So everything is return information and the general rule is that it may not be disclosed unless you find a statutory exception. Again, this means Congress has reserved for itself the discretion to permit disclosure. And §6103 is thickly branched with subsections where Congress has created specific exceptions to the general rule, spelling out exactly when disclosures can be made, to whom, and how much. It’s complex, but everyone recognizes that Congress is trying to balance the need for the legitimate use of taxpayer information with the need to protect taxpayer privacy. To enforce the balances it created, Congress has also enacted a slew of penalties, enforceable against both the IRS and individual IRS employees. See e.g. §7213 (criminal penalties); §7431 (civil fines). Professor Kwon gives the detail in pages 472-473 of her Really Useful Article.
Again, the default rule is “no disclosure.” The trunk of the tree, the core rule, is “no disclosure.” It is only against that fundamental decision by Congress—a decision that flipped the prior statutory scheme—that courts have generally interpreted the statutory exceptions to §6103. They read the statute as a whole against disclosure unless Congress has made the exception very clear.
The Mallas case helps here as well. There the government argued for a common law exception: disclosure of information already in the public domain did not violate §6103 because the term “disclosure” should be construed to mean release of non-public, confidential, information. The Fourth Circuit rejected that argument with this forceful reminder of how Courts approach interpreting §6103:
“Congress strictly circumscribed the contexts in which Government officers or employees may disclose such information.

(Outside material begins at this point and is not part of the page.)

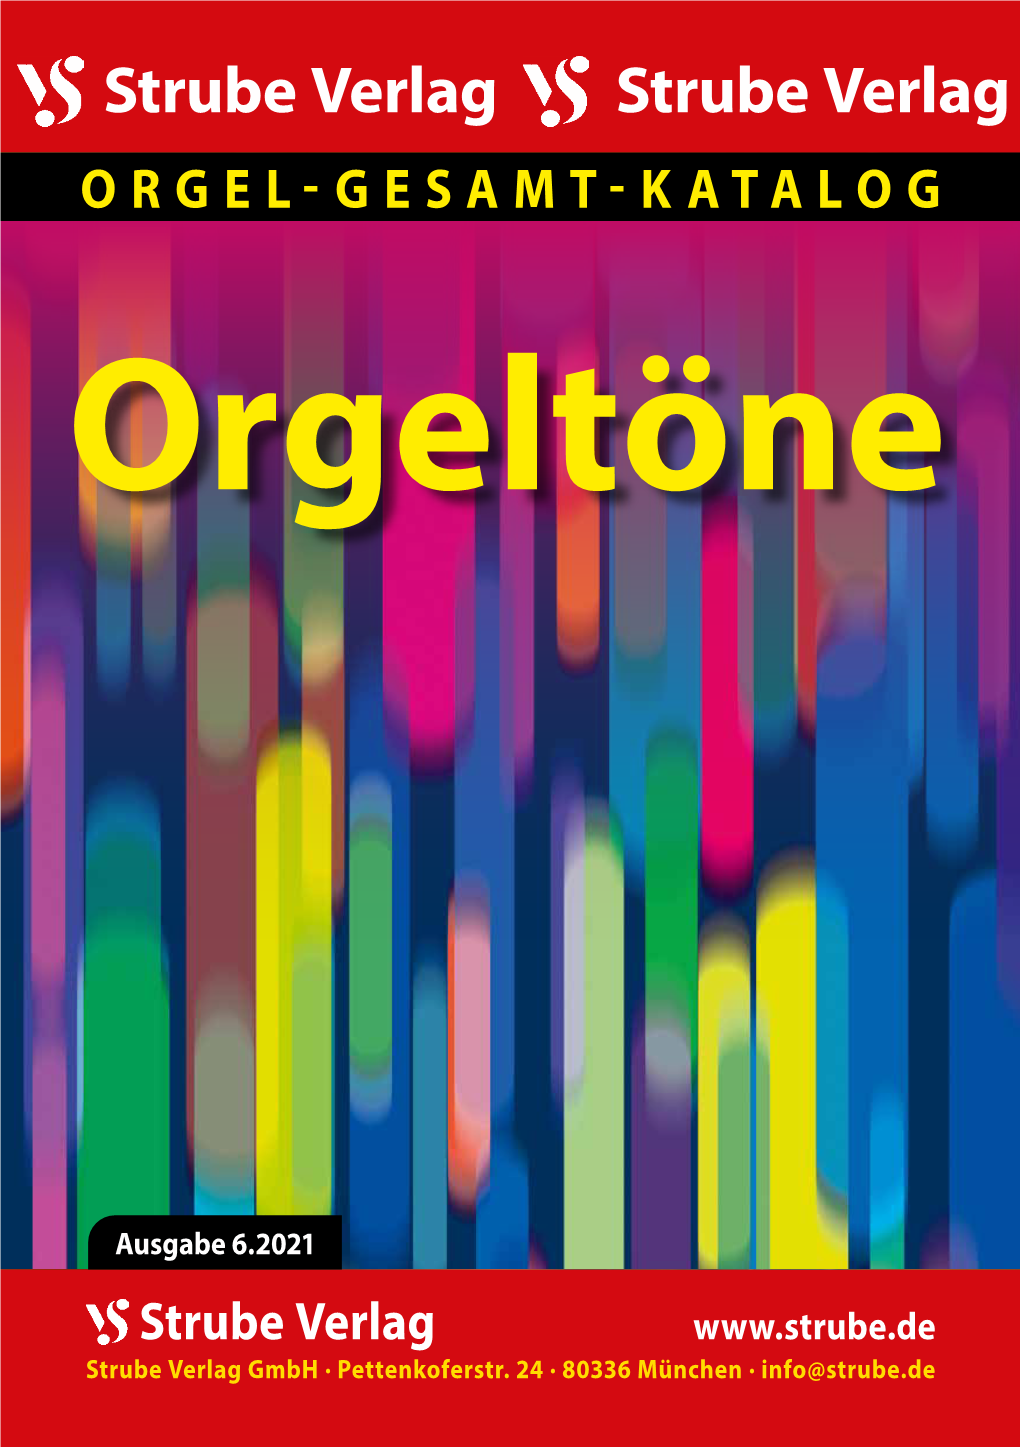 ORGEL-GESAMT-KATALOG Orgeltöne

Unless the disclosure is authorized by a specific statutory exception, section 6103(a) prohibits it. The Government points to no such exception—and we are aware of none—permitting the disclosure of "return information" simply because it is otherwise available to the public.” 993 F.2d at 1120. (emphasis supplied).
The government also argued that the disclosure did fall within the §6103(h)(4) exception for disclosures made as part of an “administrative proceeding.” Since that is the statute at issue in today’s case, let me set it out in full.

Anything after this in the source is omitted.